The End of a B-Movie Terror Trial
Who knew Time could be so deliciously snarky:
The End of a B-Movie Terror Trial
If you were watching the movie version of the terrorism trial that ended Thursday in Miami, FL, you might walk out around the time the seven suspects take an oath to al-Qaeda in a warehouse. The scene would feel so contrived, such a low-budget mockumentary of itself, that you might not be able to stomach another second.
The fact that this videotaped scene was in reality the centerpiece of the government’s case against seven defendants accused of conspiring to wage war against America is a testament to the strange challenges of trying to preemptively prosecute the war on terrorism.
[...]
The entire situation was concocted by the government. The warehouse was paid for by the FBI, and the defendants moved their operations there at the suggestion of an undercover informant who was also paid by the FBI. The swearing-in ceremony was led by the informant — who at another point also suggested a plan to bomb FBI offices in Miami. “The case was written, produced and directed by the FBI,” defense attorney Albert Levin said in his closing arguments.
[...]
But the heavy reliance on informants has led to cases that sometimes appear to exist in the land of make believe. At one point during the Liberty City investigation, Batiste suggested to the informant that they could blow up the Sears Tower so that it would fall into Lake Michigan and create a tsunami. “Where did you get this idea?” Batiste’s attorney later asked him on the stand. His answer was believable: “Just from watching the movies.”

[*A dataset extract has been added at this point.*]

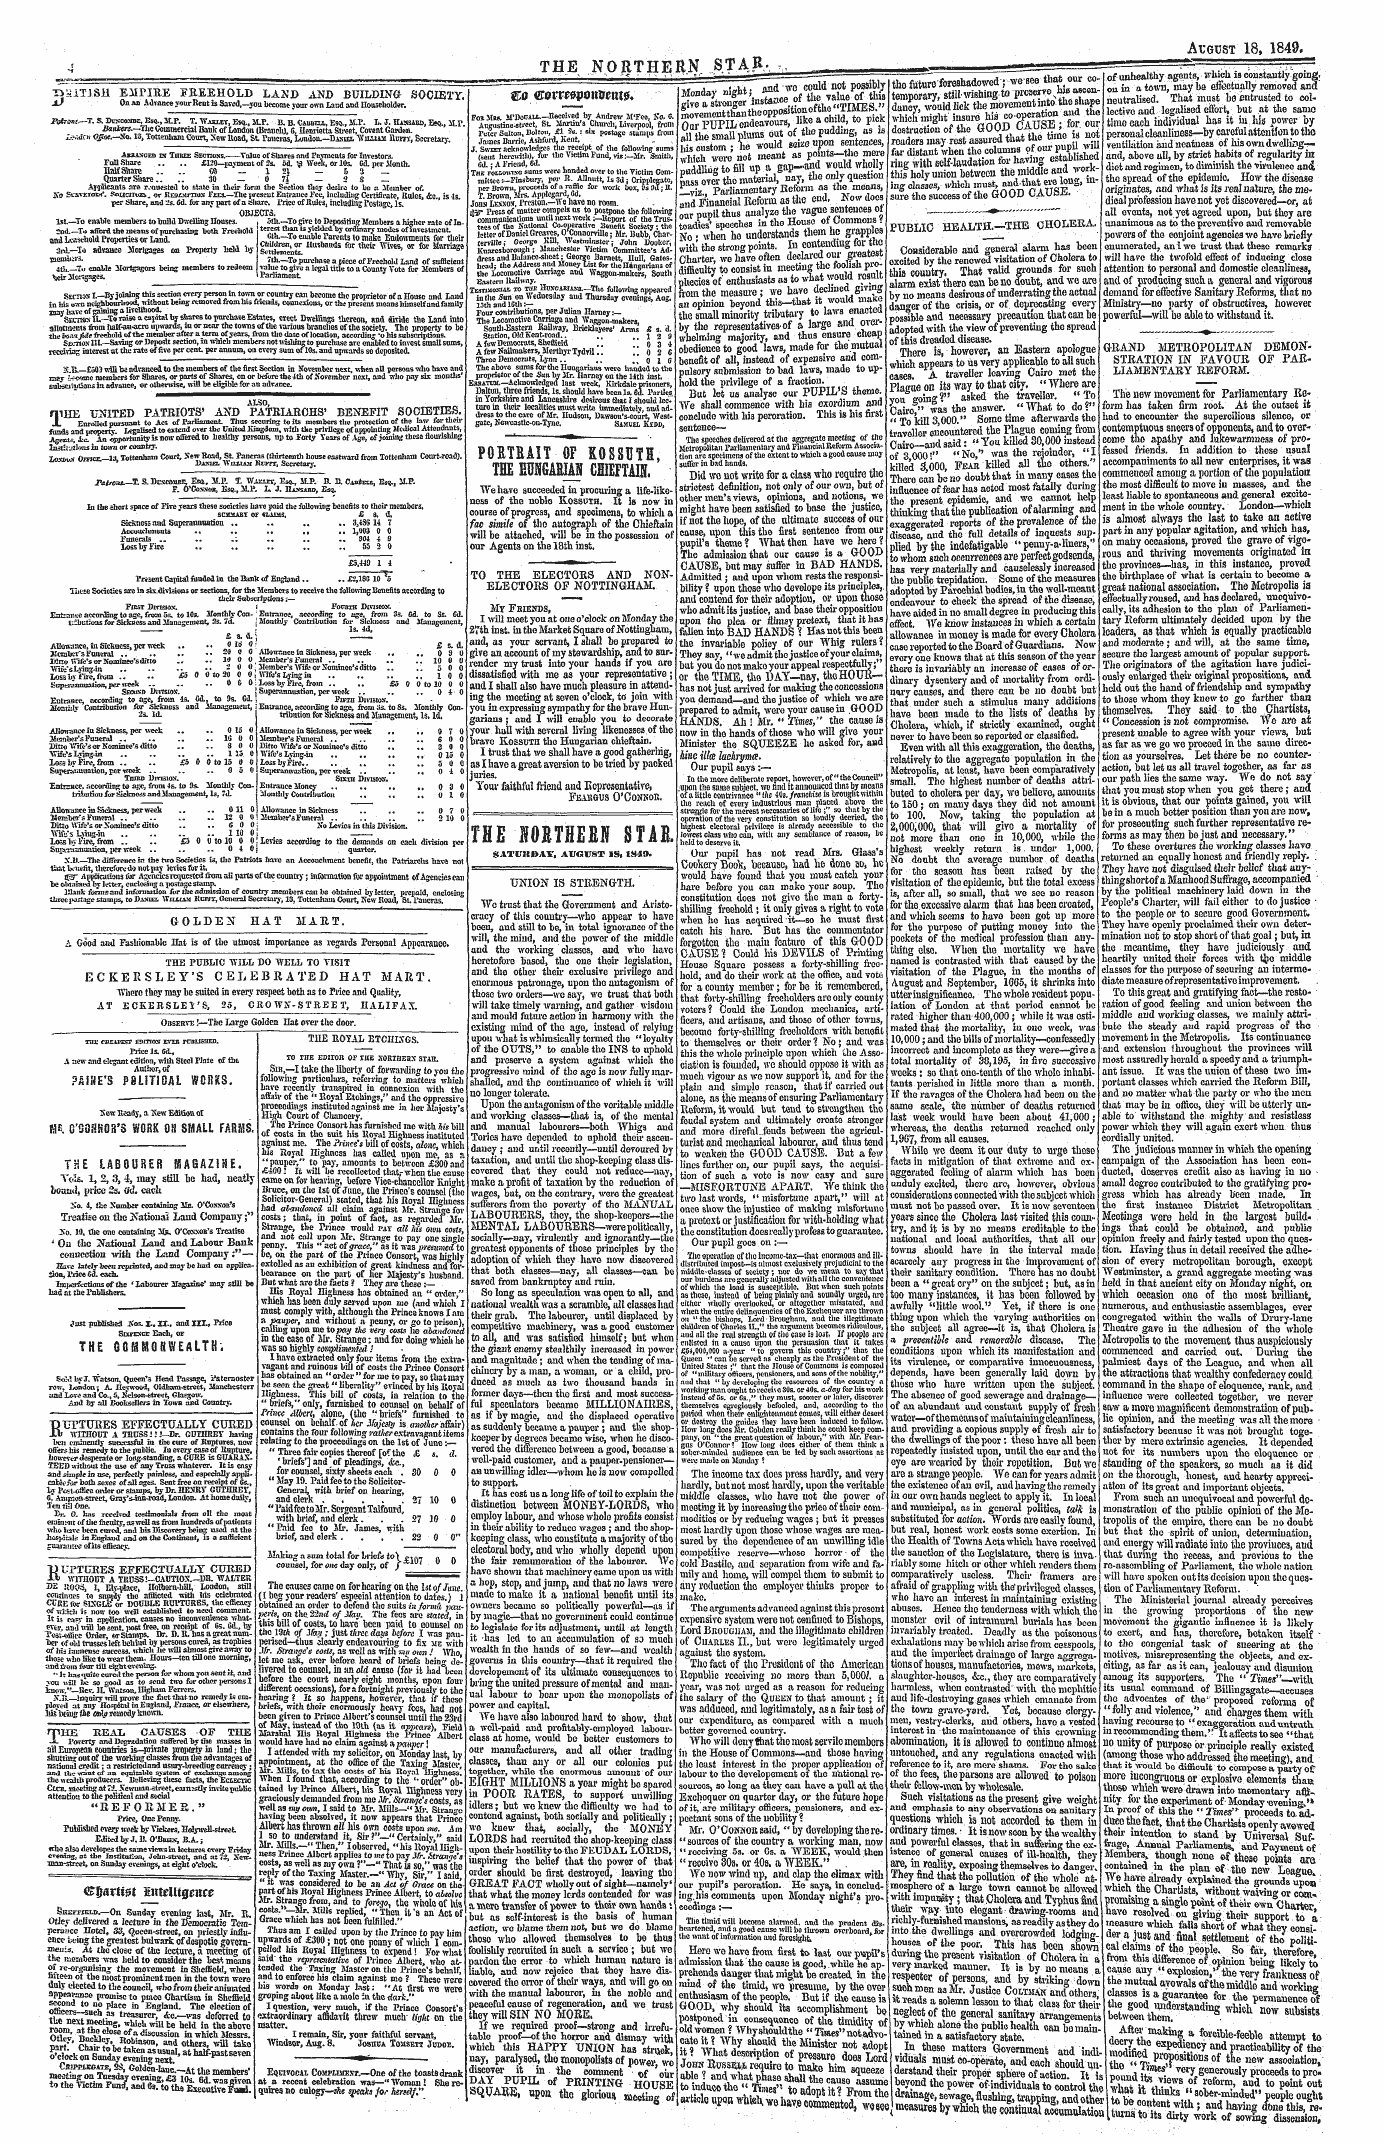 Northern Star (1837-1852): jS F Y, 3rd edition - Ad00418

And from the earlier Times article linked in the first blockquoted paragraph above:
When alleged ringleader Narseal Batiste, 32, presented an FBI informant he thought was an al-Qaeda operative with a list of materials necessary for jihad, it did not include explosives. Instead Batiste asked for $50,000, radios, uniforms and steel-toed boots. Was the plan to blow the Sears Tower up or kick it down?
Hey, and lest anyone forget, when this story broke back in June of last year the nuttersphere lurched into full panic/gotcha mode, alternately fretting about “homegrown jihad” and chiding the left for not taking this story seriously. This insightful ReidBlog post, written by a black woman from Florida, got the goat of a few hyperventilating pro-war bedwetters at the time. She wrote:
Guys. Take a deep breath. Liberty City is not Peshwar. It’s the hood, man. These are probably some militant brothas working out and doing marshal arts and fancying themselves revolutionaries. The idea that they had a serious plot going, or that they had any conceivable ties—familial or otherwise—to actual terrorists, is laughable. Prediction: this will go the way of the dirty bomber and the two yokels who were supposed to blow up electrical transformers in South Florida but wound up trying to buy a couple of AK-47s with a bad credit card. They’re doing 5 years apiece for some low-level violation today, after getting the Ashcroft treatment not long before the 2002 midterms.
Spot.Fucking.On.
I’ll give you one guess who penned this overwrought response to her post:
…Because really, the idea that a bunch of ‘hood negroes are capable of more than watching old Jim Kelly movies and playing pretend revolutionary? That’s just crazy talk! The black man is naturally lazy and shiftless, you see—and so his threats are idle ones, even when they come dressed in starched white Karate gear and tied up nicely with a cloth blackbelt bow.
Alas, what J Reid seemed to miss, in her eagerness to brush this off as insignificant, is that the group of “brothas” had no real ties to al Qaeda because the part of al Qaeda was played by undercover federal agents. Does that mean the silly “brothas” didn’t pose a threat? Well, thankfully, that’s now a moot question.
You can’t handle the moot!
FLASHBACK: Jon Swift applied the appropriate amount of derision. Snakes on a plane!